### Your objective
Your task is to output the listing word for word, with pictures excluded.

### Dataset section

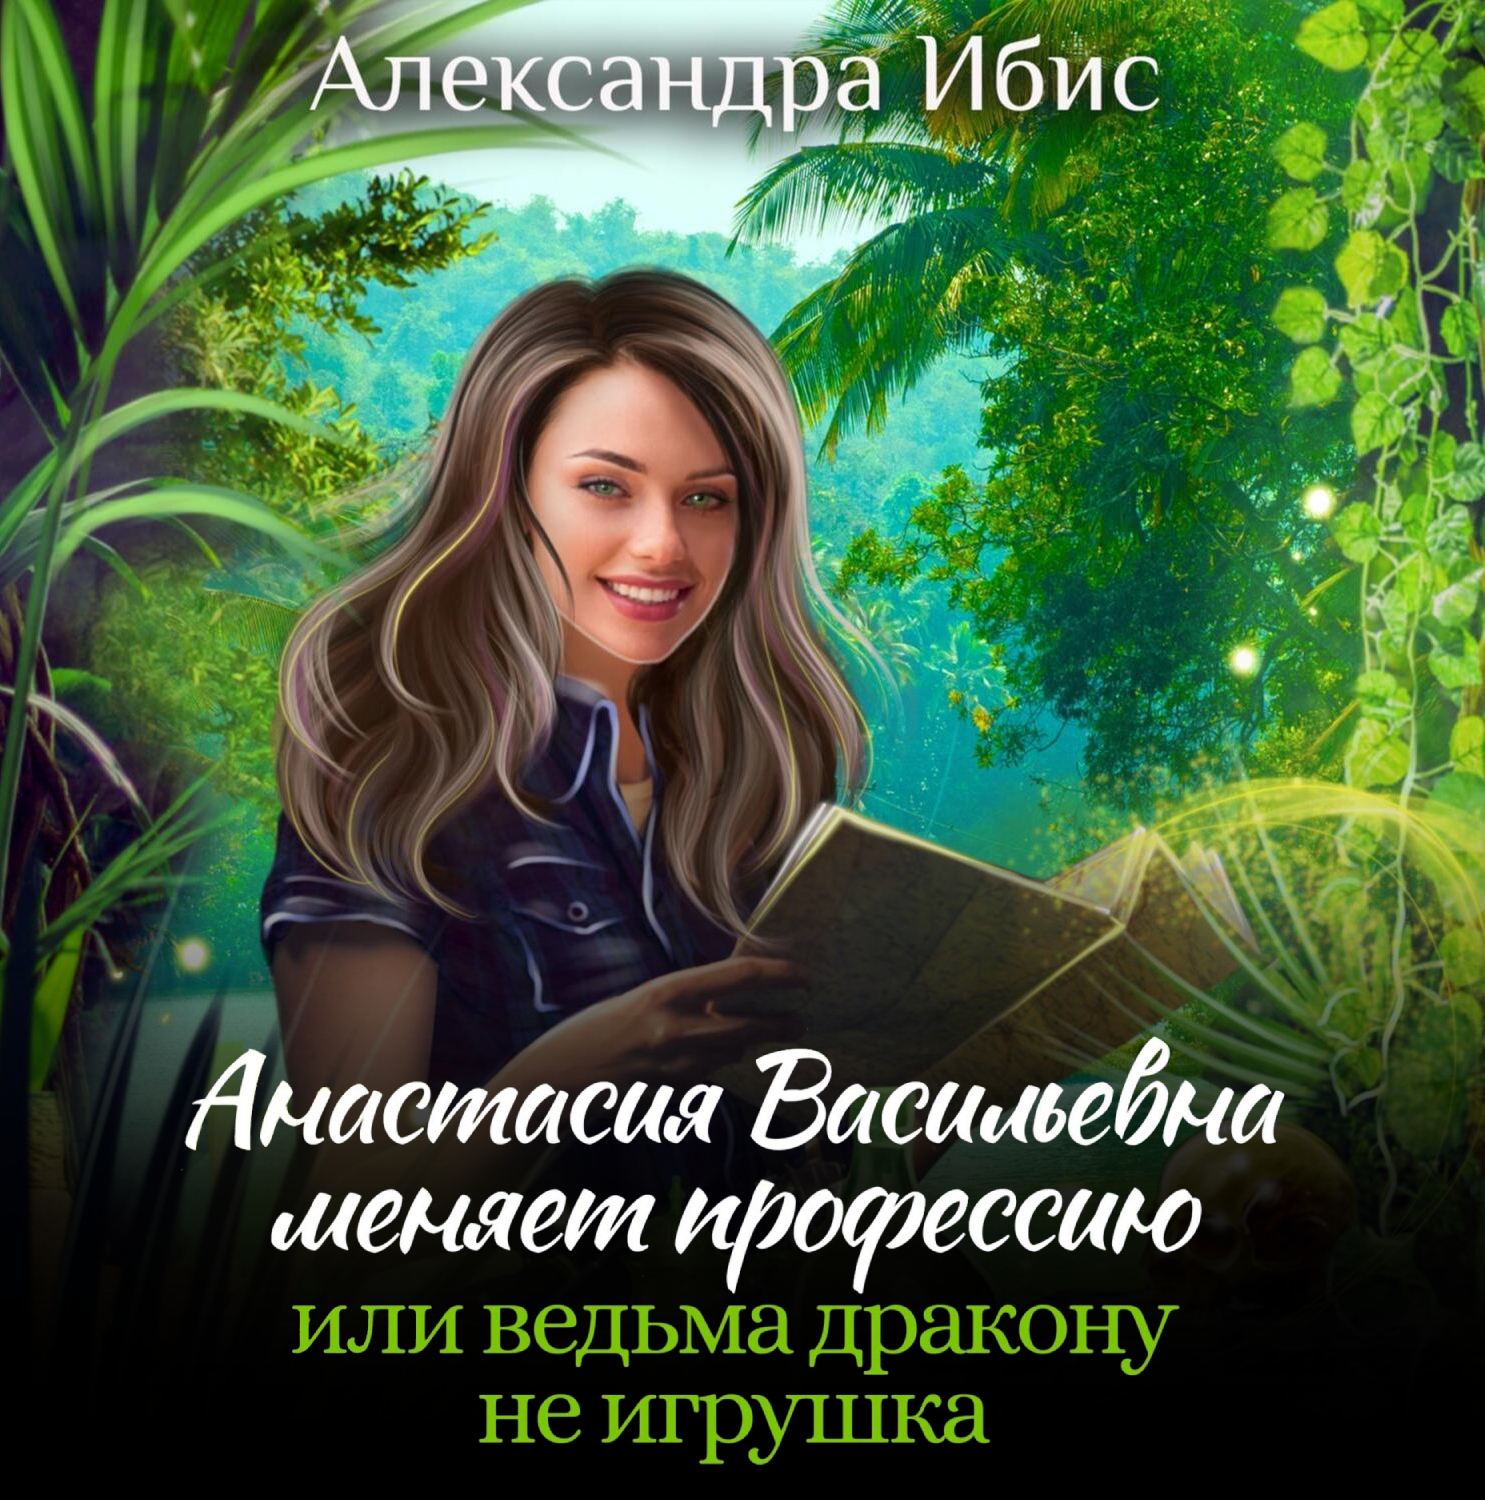 Ведьма и дракон книги. Ведьмочки травницы начинающие. Русские книги фэнтези авторы и названия. Аудиокнига или ведьма дракону не игрушка.
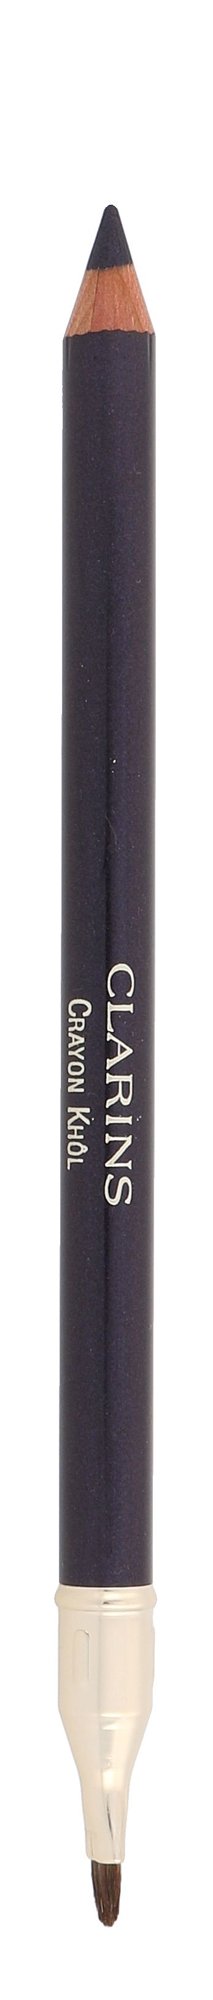 Clarins Long-Lasting Eye Pencil 1,05g akių pieštukas
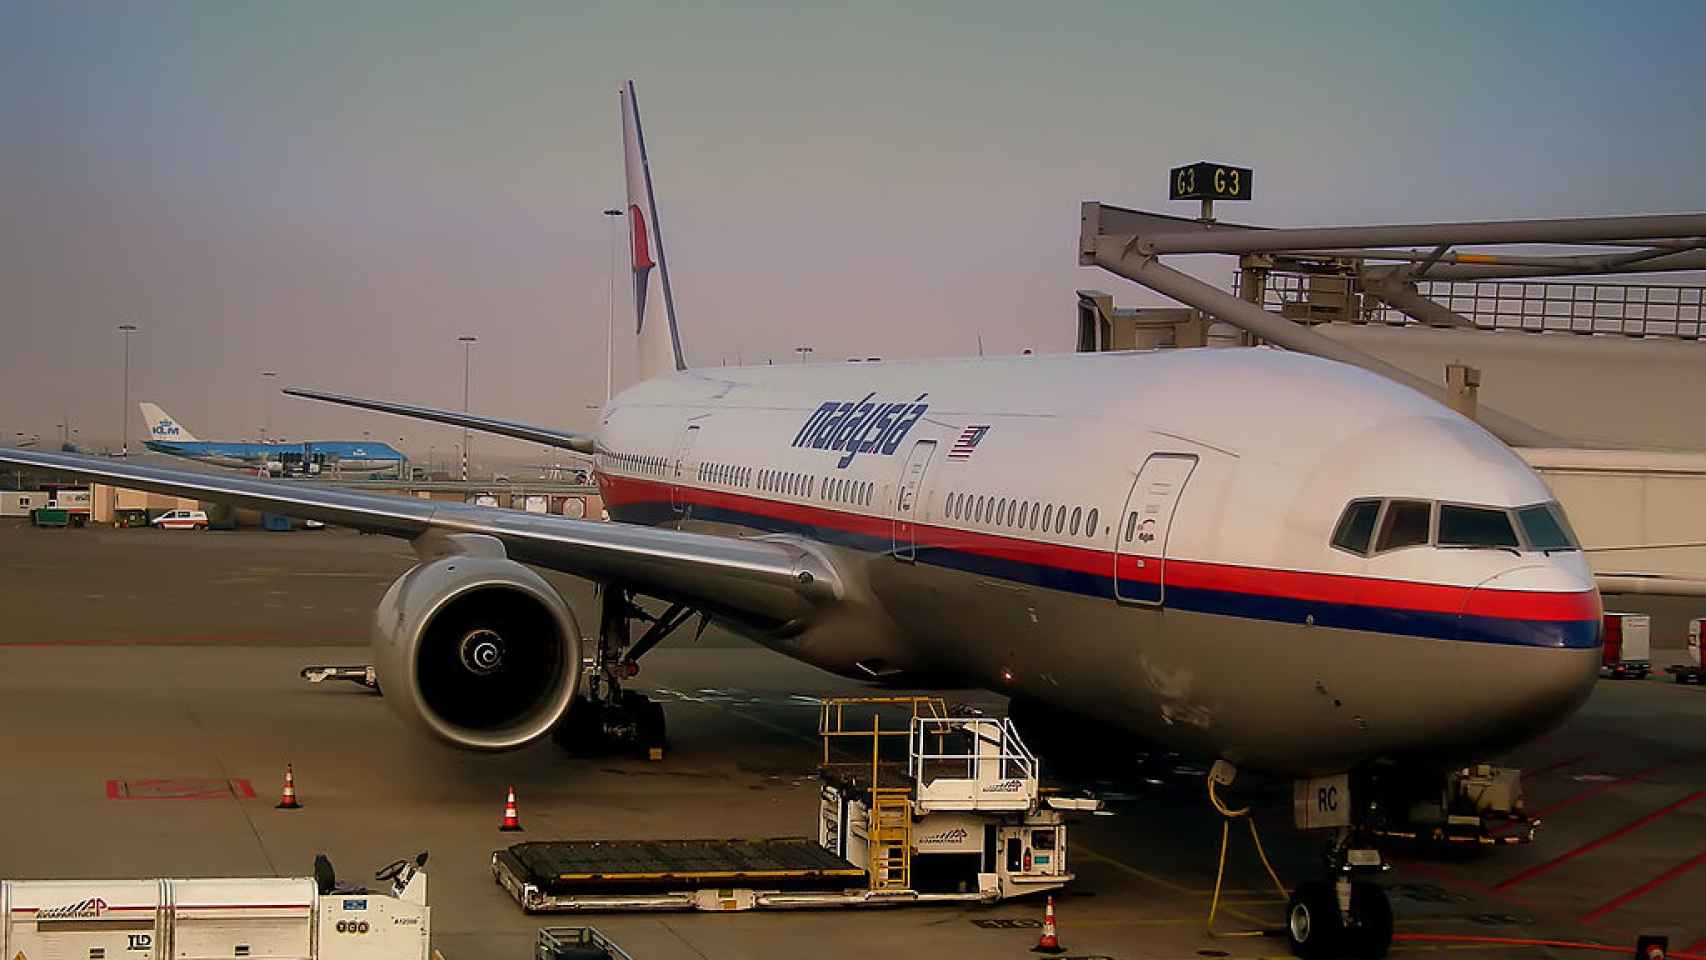 Imagen de un avión de Malaysia Airlines similar que desapareció el 8 de marzo de 2014

### Written answer
 Ведьма и дракон книги. Ведьмочки травницы начинающие. Русские книги фэнтези авторы и названия. Аудиокнига или ведьма дракону не игрушка.
 Clarins Long-Lasting Eye Pencil 1,05g akių pieštukas
 Imagen de un avión de Malaysia Airlines similar que desapareció el 8 de marzo de 2014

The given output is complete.